Cuando me mudé a vivir a Japón tenía la información general sobre desastres naturales que me había llegado a través de los medios: imágenes del tsunami del 11 de marzo de 2011 y secuencias en mi mente de la película Lo imposible. No me planteé, en realidad, lo que sería vivir en un país que aún sufre el efecto postraumático de un desastre que dejó más de 15.000 muertos y casi 3.000 desaparecidos.
Han pasado 5 años desde esa gran tragedia y aún hoy, los japoneses, mantienen muy presente su recuerdo. El mes pasado un terremoto de 5.6 grados sacudió Tokio. No hubo heridos, ni muertos, ni daños colaterales. Lo único que quedó tras ese minuto de angustia fue el pálpito rápido de sus corazones, un sonido que indicaba una sóla cosa: miedo.
Después del primer terremoto me di cuenta de que la información que llega a España es reducida. No sabía, por ejemplo, que la palabra tsunami es en realidad japonesa, y que significa 'puerto' y 'ola', que unida se convierte en maremoto. Tampoco sabía que en la isla hay hasta 7 terremotos al día, la mayoría poco relevantes. Desconocía por completo que cualquier estructura construida aquí está preparada para adversidades naturales: los cableados expuestos al exterior, la distancia entre los edificios, la inexistencia de calefacción en las casas o los accesorios que venden para atornillar los muebles son sólo algunas de las precauciones que toman.
Me sorprendió también cómo mi casero, tras el tercer terremoto, subió a explicarme que el lugar más seguro en esos casos era debajo de la mesa, y que no debía preocuparme incluso si oscilaba el edificio porque durante siglos, los japoneses han estado inventando formas de protegerse de las consecuencias de vivir bajo el temido 'anillo de fuego'.
También supe, esta vez por experiencia propia, que si el terremoto es más fuerte de lo normal las tiendas de 24 horas se quedan casi vacías, porque si se ha estropeado la red de abastecimiento, en una ciudad en la que viven 37 millones de habitantes, difícilmente alguien va a compartir agua contigo.

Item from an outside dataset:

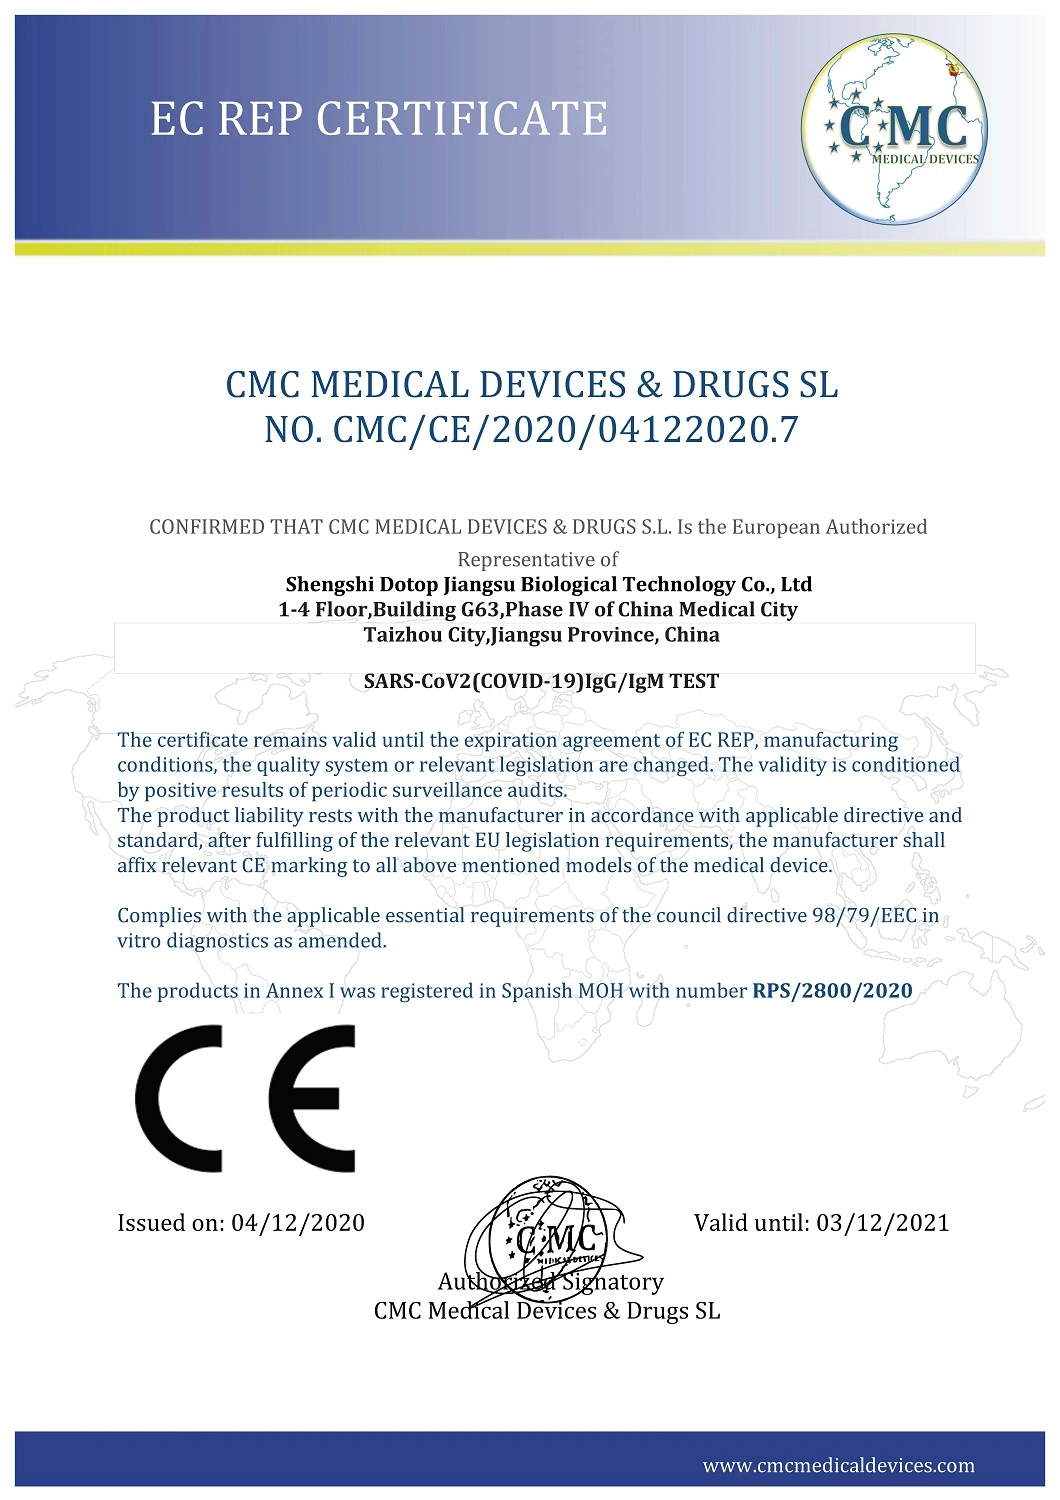 Igm/Igg Rapid Test Card with CE/FDA

Aprendí todas estas cosas de una manera casi natural, según iba aumentando el número de terremotos en mi lista de experiencias. Sin embargo, la semana pasada, me di cuenta de que bajo toda esa seguridad ofrecida por el gobierno, hay un miedo latente entre la población. Son muy conscientes de que su país es uno de los lugares en los que más terremotos hay en el mundo, pero sobre todo tienen arraigados recuerdos muy amargos del gran tsunami. Por educación nadie lo exterioriza, pero en el fondo de sus conciencias siempre hay merodeando un: “¿y si esta vez soy yo ese número en la lista de desaparecidos?”.
Hablando con la gente local me cuentan que Japón, antes de marzo de 2011, era un país diferente. Miles de personas huyeron al extranjero tras lo que pasó y los que se quedaron interiorizaron una sensación de inseguridad permanente. El autoestima nacional se vio profundamente dañado: por muchos esfuerzos que hagan porque no exista la delincuencia, por ser una potencia mundial y por ir un paso por delante del mundo entero en tecnología, hay algo contra lo que no pueden luchar: la naturaleza.
Cualquiera que venga de paso probablemente no identifique estos sentimientos, se quedará con la sensación de que es gente educada hasta el extremo, servicial y muy respetuosa. Sin embargo, los que vivimos aquí, podemos palpar que hubo un tiempo en el que la confianza era mayor y el miedo no estaba tan presente.
Podemos entrever que lo que aquel día, además de casi 20.000 vidas, el tsunami se llevó también la paz de los 120 millones de personas que decidieron que Japón seguía siendo su lugar, pasara lo que pasara.